In this link std::function vs template there is a nice discussion about the overhead of std::function. Basically, to avoid the 10x overhead caused by heap allocation of the functor you pass to the std::function constructor, you must use std::ref or std::cref.
Example taken from @CassioNeri answer that shows how pass lambdas to std::function by reference.

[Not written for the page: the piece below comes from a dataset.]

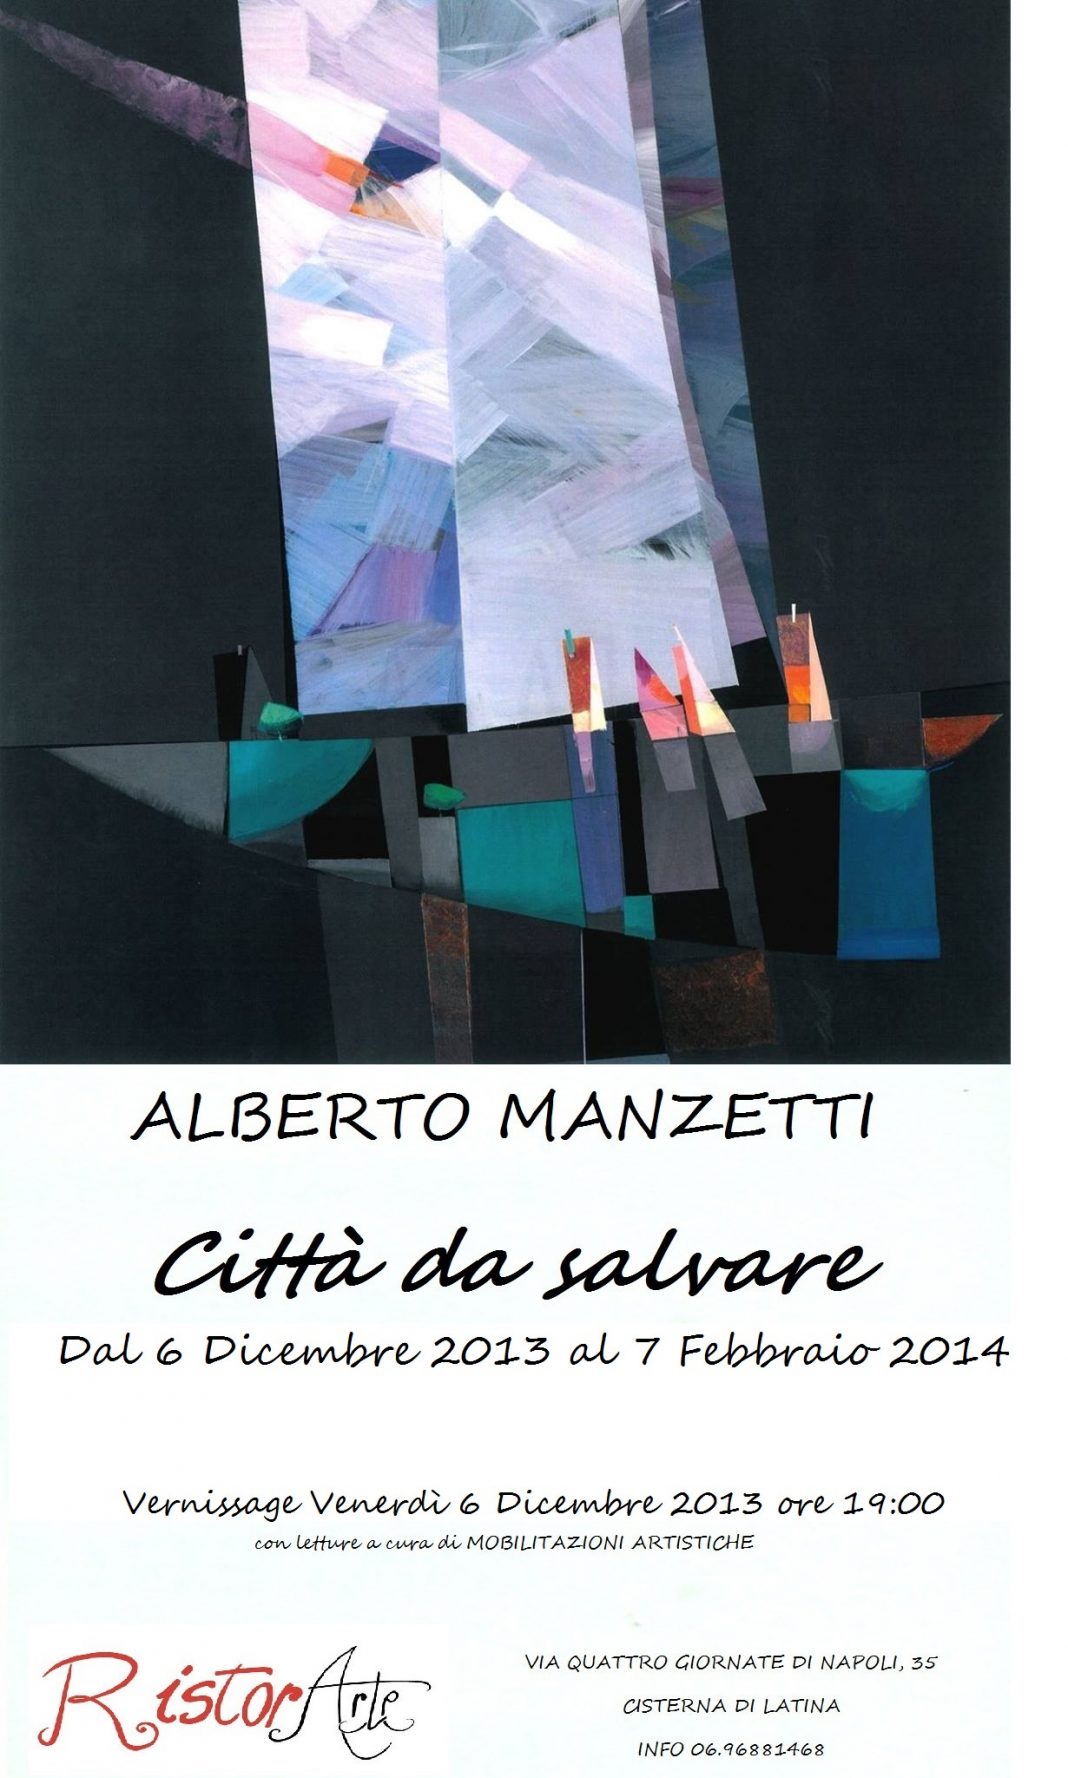 Alberto Manzetti – Città da salvarehttps://www.exibart.com/repository/media/eventi/2013/12/alberto-manzetti-8211-città-da-salvare-1-1068x1778.jpg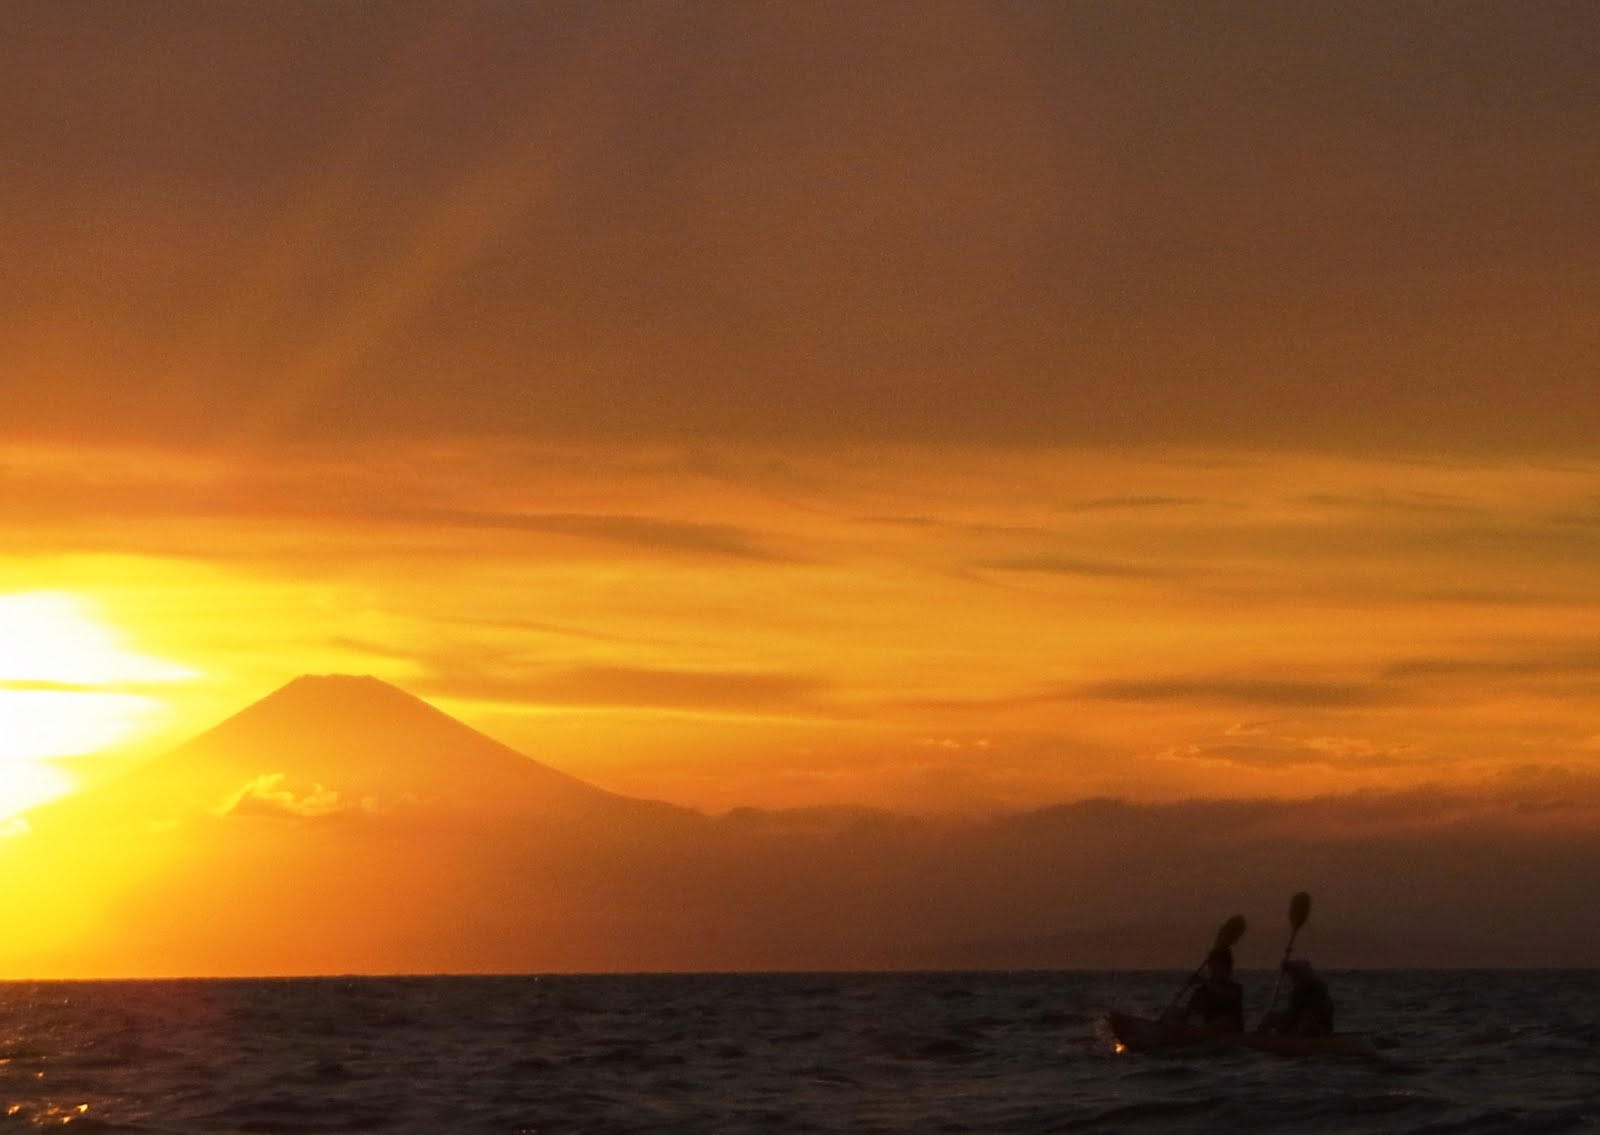 Wataru Narita shares one of his favorite images, taken while kayaking.

float foo(std::function<float(float)> f) { return -1.0f * f(3.3f) + 666.0f; }
foo(std::cref([a,b,c](float arg){ return arg * 0.5f; }));
Now, Intel Thread Building Block library gives you the ability to parallel evaluate loops using lambda/functors, as shown in the example below.
Example code:
#include "tbb/task_scheduler_init.h"
#include "tbb/blocked_range.h"
#include "tbb/parallel_for.h"
#include "tbb/tbb_thread.h"
#include <vector>
int main() {
tbb::task_scheduler_init init(tbb::tbb_thread::hardware_concurrency());
std::vector<double> a(1000);
std::vector<double> c(1000);
std::vector<double> b(1000);
std::fill(b.begin(), b.end(), 1);
std::fill(c.begin(), c.end(), 1);
auto f = [&](const tbb::blocked_range<size_t>& r) {
for(size_t j=r.begin(); j!=r.end(); ++j) a[j] = b[j] + c[j];
};
tbb::parallel_for(tbb::blocked_range<size_t>(0, 1000), f);
return 0;
}
So my question is: does Intel TBB parallel_for have the same kind of overhead (heap allocation of the functors) that we see on std::function? Should I pass my functors/lambdas by reference to parallel_for using std::cref to speed up the code?